CASTEL VOLTURNO – Proseguono per il secondo giorno consecutivo gli scavi nell’area dei campi da golf di Pinetamare, nell’ambito dell’indagine coordinata dalla Procura di Santa Maria Capua Vetere, guidata da Pierpaolo Bruno. Un’attività investigativa che trae origine da un elemento emerso in un’altra inchiesta giudiziaria. L’indagine che ha portato gli inquirenti a chiedere l’avvio degli scavi nasce infatti da un’intercettazione del 2018, confluita nel procedimento sull’ampliamento della clinica Pineta Grande, tuttora pendente (La struttura sanitaria è estranea alla vicenda del presunto interramento di rifiuti nei campi da golf). In quella conversazione, uno degli indagati, parlando con un altro soggetto coinvolto nell’inchiesta, si vantava della propria capacità di incidere sulle scelte del Comune di Castel Volturno attraverso il rapporto con funzionari ritenuti compiacenti.

Per avvalorare il proprio racconto, l’uomo richiamava un episodio risalente al 1990, legato ai lavori di realizzazione dei campi da golf di Pinetamare. Secondo quanto riferito nell’intercettazione, durante quegli interventi sarebbero emersi rifiuti speciali interrati nel sottosuolo; materiali che, sempre stando alle dichiarazioni captate, sarebbero poi stati fatti sparire dopo il pagamento di una tangente di un milione e mezzo di lire all’allora comandante della Guardia Costiera di Castel Volturno. Il riferimento era ai lavori riconducibili all’imprenditore Cristoforo Coppola – scomparso nel 2013 costruttore del Villaggio Coppola e delle torri
successivamente abbattute perché ritenute abusive dagli inquirenti.
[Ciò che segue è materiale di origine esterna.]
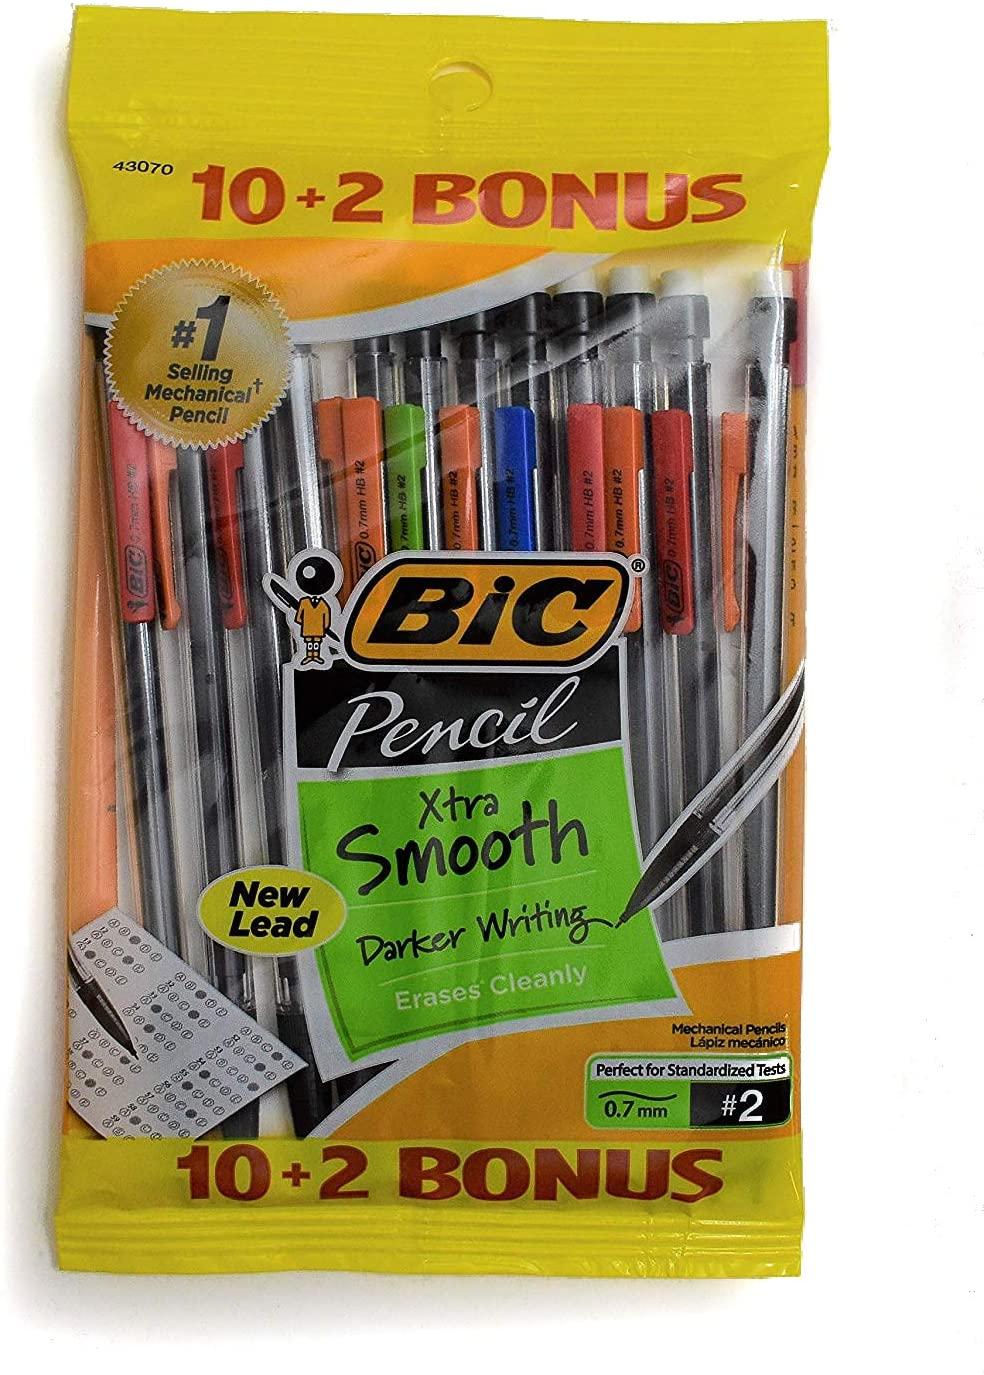 BIC Pencil Xtra Life, Medium Point (0.7mm), 12 Count
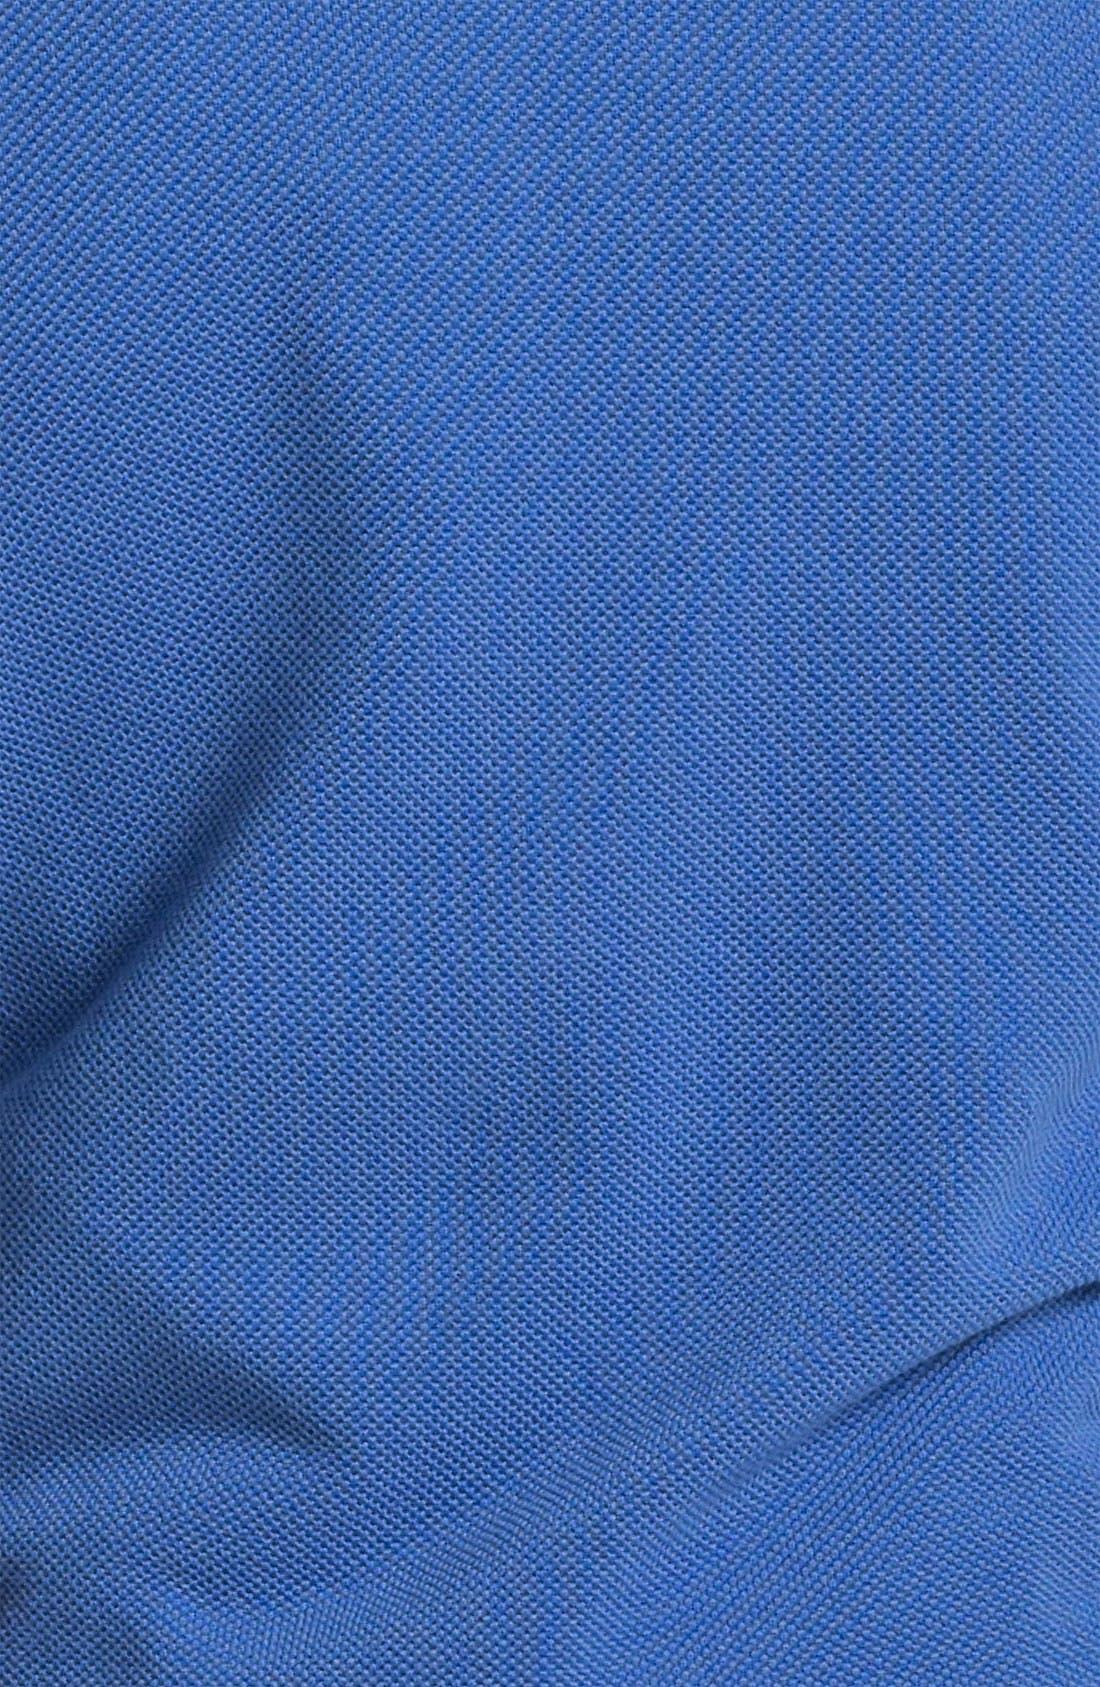 Alternate Image 3  - Brooks Brothers V-Neck Supima® Cotton Sweater

È da quel racconto, ritenuto meritevole di approfondimento investigativo, che la Procura ha fatto partire il nuovo accertamento ambientale, chiedendo di tornare a scavare nei terreni dei campi da golf di Pinetamare, per verificare l’eventuale presenza di rifiuti e una possibile contaminazione del suolo tuttora in atto. L’inchiesta vede indagati Domenico Romano, ex collaboratore di Coppola, Francesco Pappalardo, all’epoca comandante della Capitaneria di por- to, e la società Pinewoods Hotel Spa. Le operazioni, svolte come accertamento tecnico non ripetibile, vedono un ruolo centrale dell’Arpac, impegnata nei campionamenti e nelle analisi dei materiali dissotterrati. In campo anche carabinieri forestali, vigili del fuoco e Capitaneria di porto. Pur a fronte di reati risalenti agli anni Novanta oggi prescritti, resta aperta l’ipotesi di un danno ambientale ancora persistente. Gli indagati sono da considerare innocenti fino a eventuale sentenza definitiva di condanna.